» Task to carry out:
Your output should be exactly the lines from the one containing "The cupid figure" through the final line of the records, both included, with every picture left out.

» Listed entries:
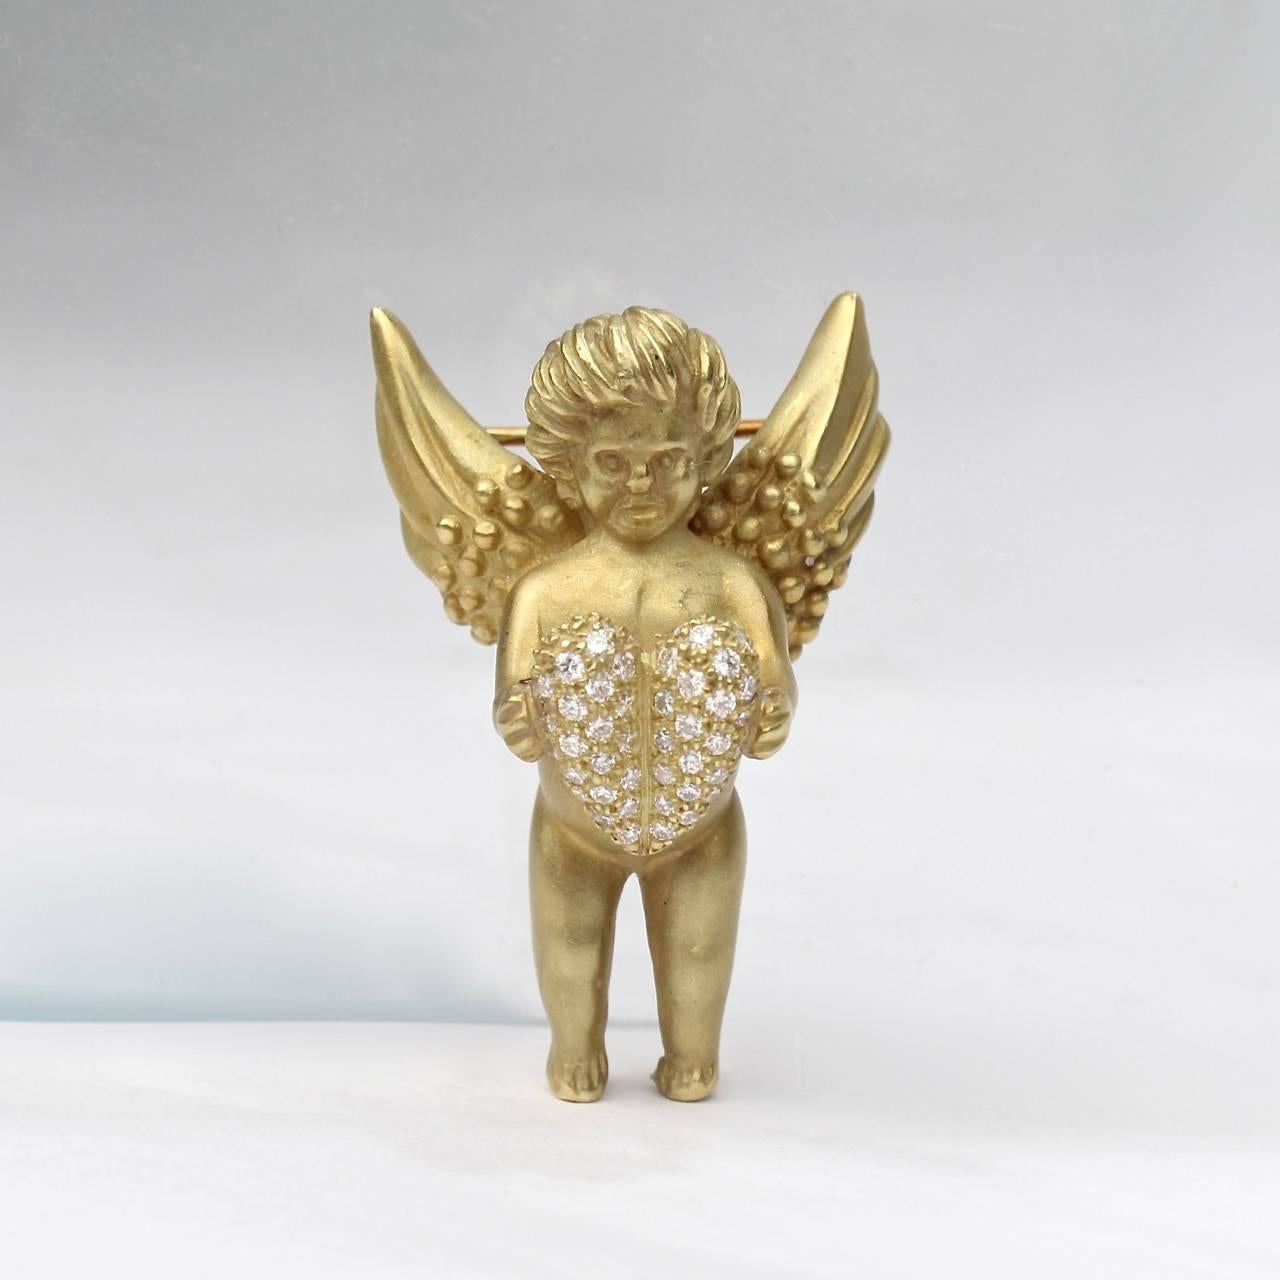 A charming variation on jewelry designer Barry Kieselstein-Cord's Angel or Cupid brooch. 

The cupid figure (or angel) stands with wings spread and outstretched hands holding a heart.

This variant has a matte gold finish and is set with over 80
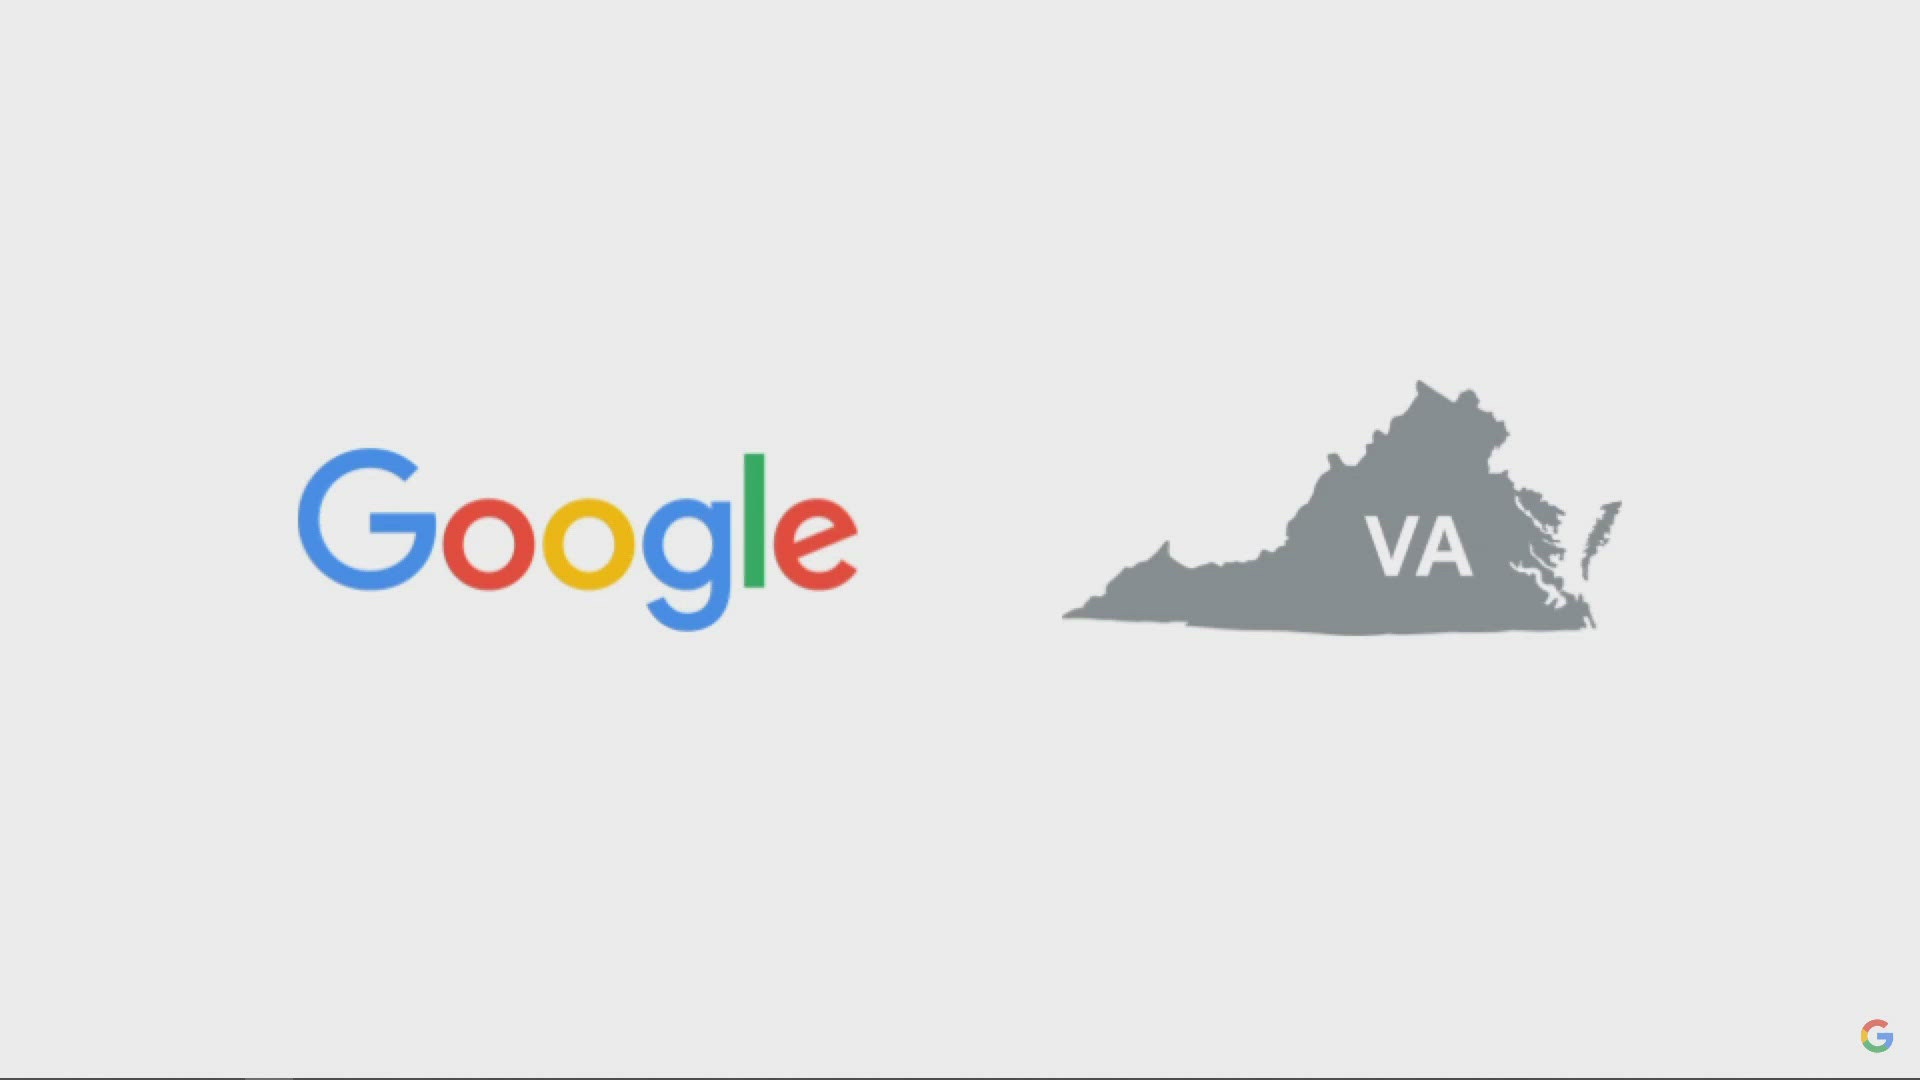 Google has announced it's spending 1 BILLION dollars to expand its existing data centers in Loudoun and Prince William counties.
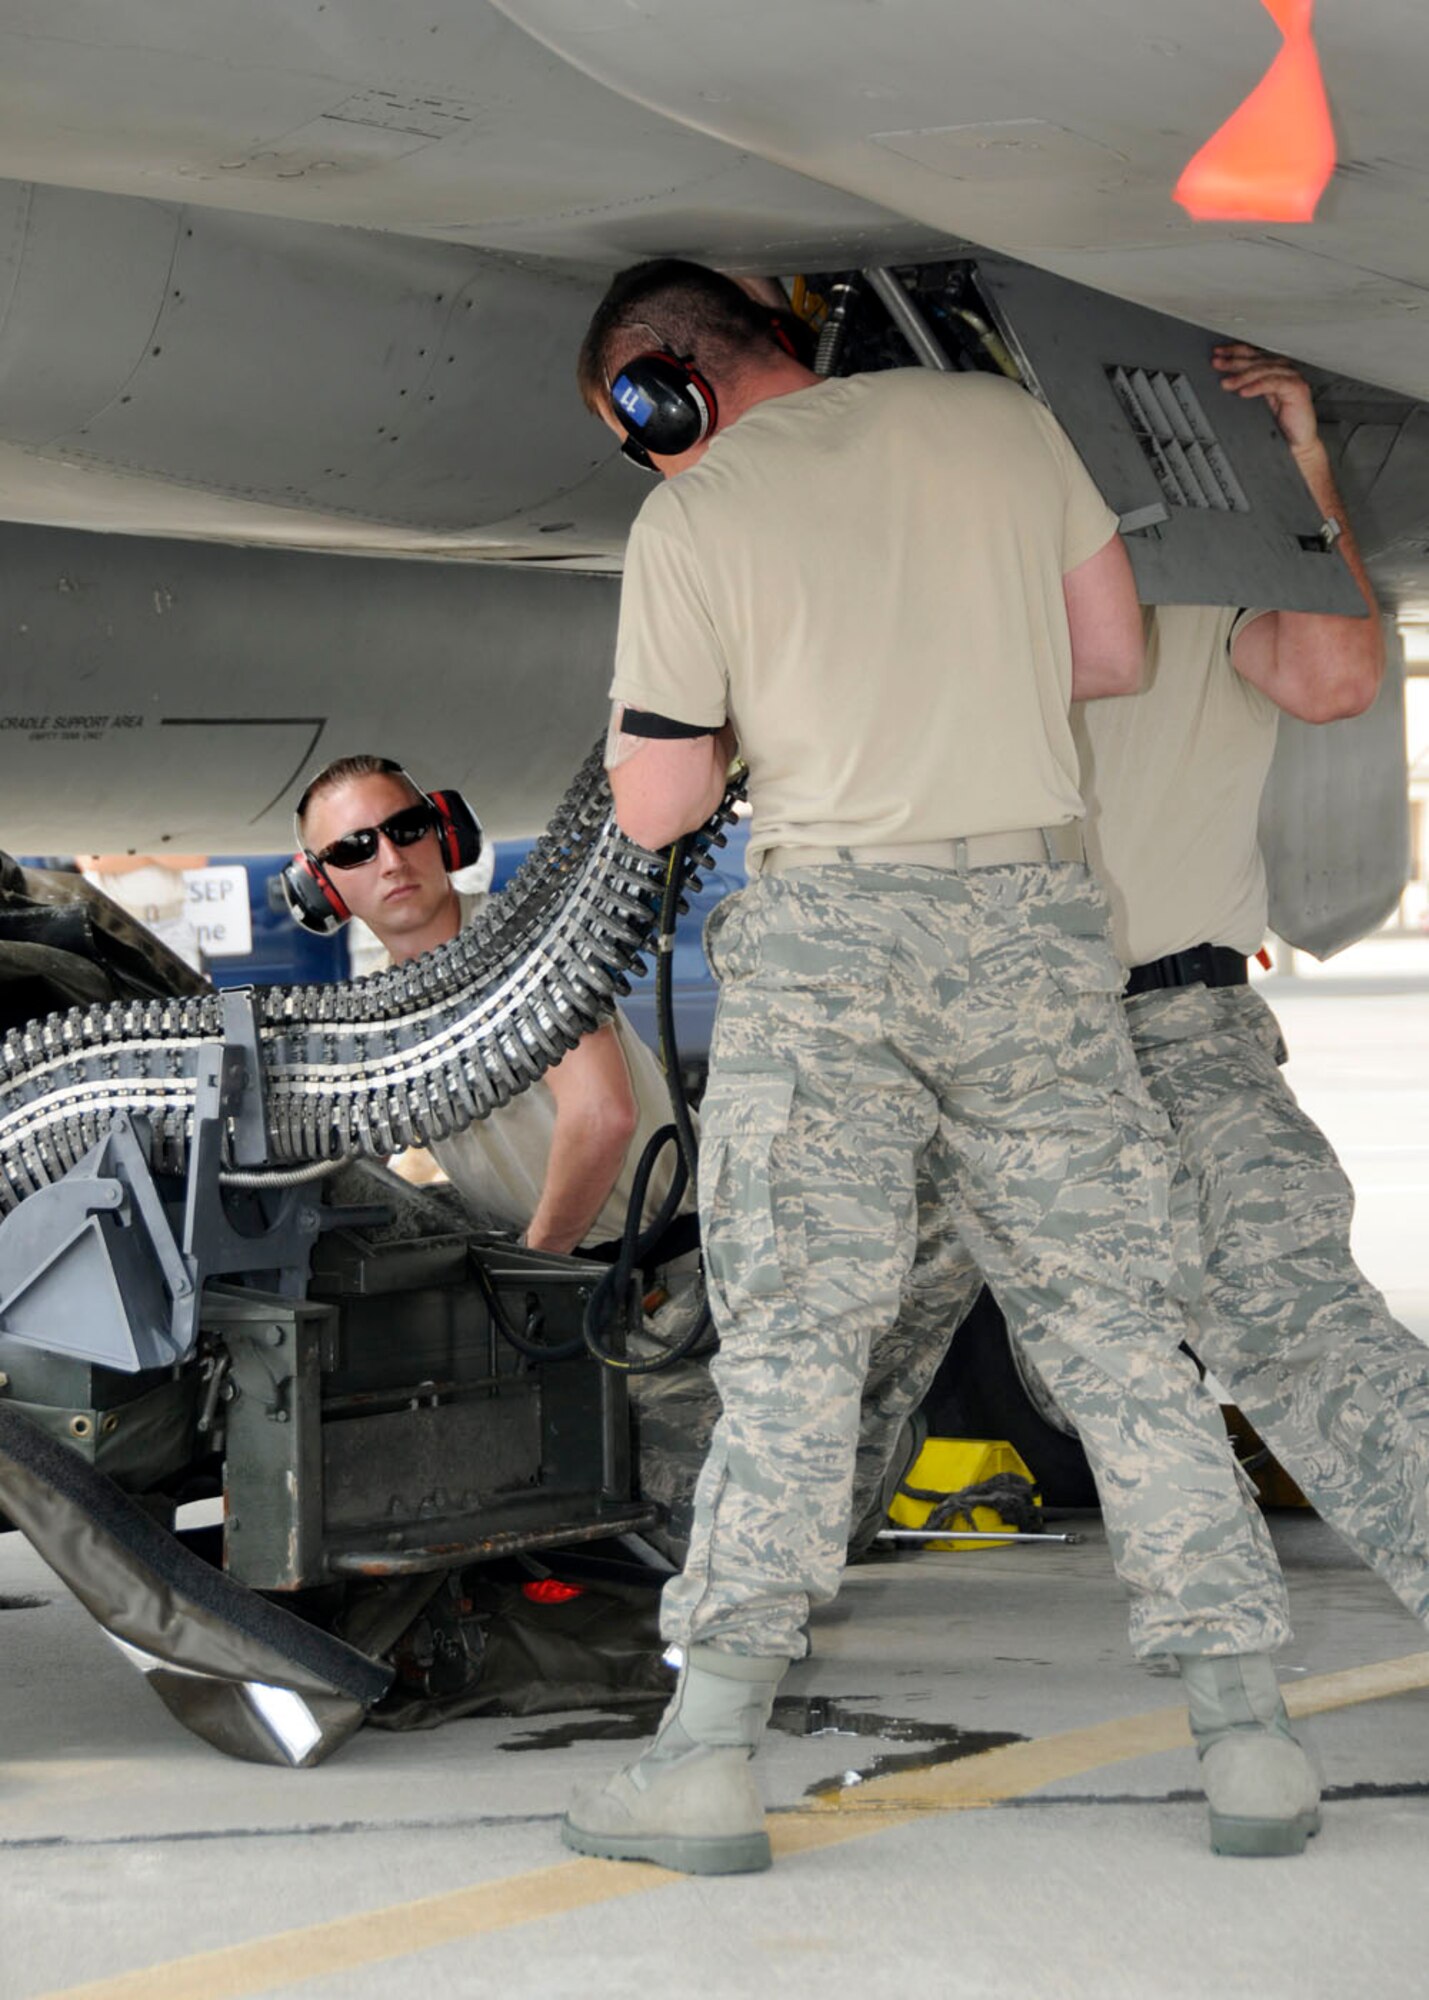 Technical Sgt. Terrance Brown, Technical Sgt. Scott Gemelli, and Staff Sgt. Ryan Quigley from the 104th Fighter Wing, Massachusetts Air National Guard unload rounds for the first time from the F-15 at Tyndall AFB, Florida as they participate in the Weapons System Evaluation Program (WSEP), known as Combat Archer, on April 19, 2011. This training is important for the ground crews to test their maintenance systems and processes while loading live munitions on the F-15 eagle, as well as critical live war fighting training for the F-15 pilots to employ air-to-air missiles against real world targets.  (U.S.A.F. photograph by Senior Master Sgt. Robert J. Sabonis)

» Task output:
The cupid figure (or angel) stands with wings spread and outstretched hands holding a heart.

This variant has a matte gold finish and is set with over 80
 Google has announced it's spending 1 BILLION dollars to expand its existing data centers in Loudoun and Prince William counties.
 Technical Sgt. Terrance Brown, Technical Sgt. Scott Gemelli, and Staff Sgt. Ryan Quigley from the 104th Fighter Wing, Massachusetts Air National Guard unload rounds for the first time from the F-15 at Tyndall AFB, Florida as they participate in the Weapons System Evaluation Program (WSEP), known as Combat Archer, on April 19, 2011. This training is important for the ground crews to test their maintenance systems and processes while loading live munitions on the F-15 eagle, as well as critical live war fighting training for the F-15 pilots to employ air-to-air missiles against real world targets.  (U.S.A.F. photograph by Senior Master Sgt. Robert J. Sabonis)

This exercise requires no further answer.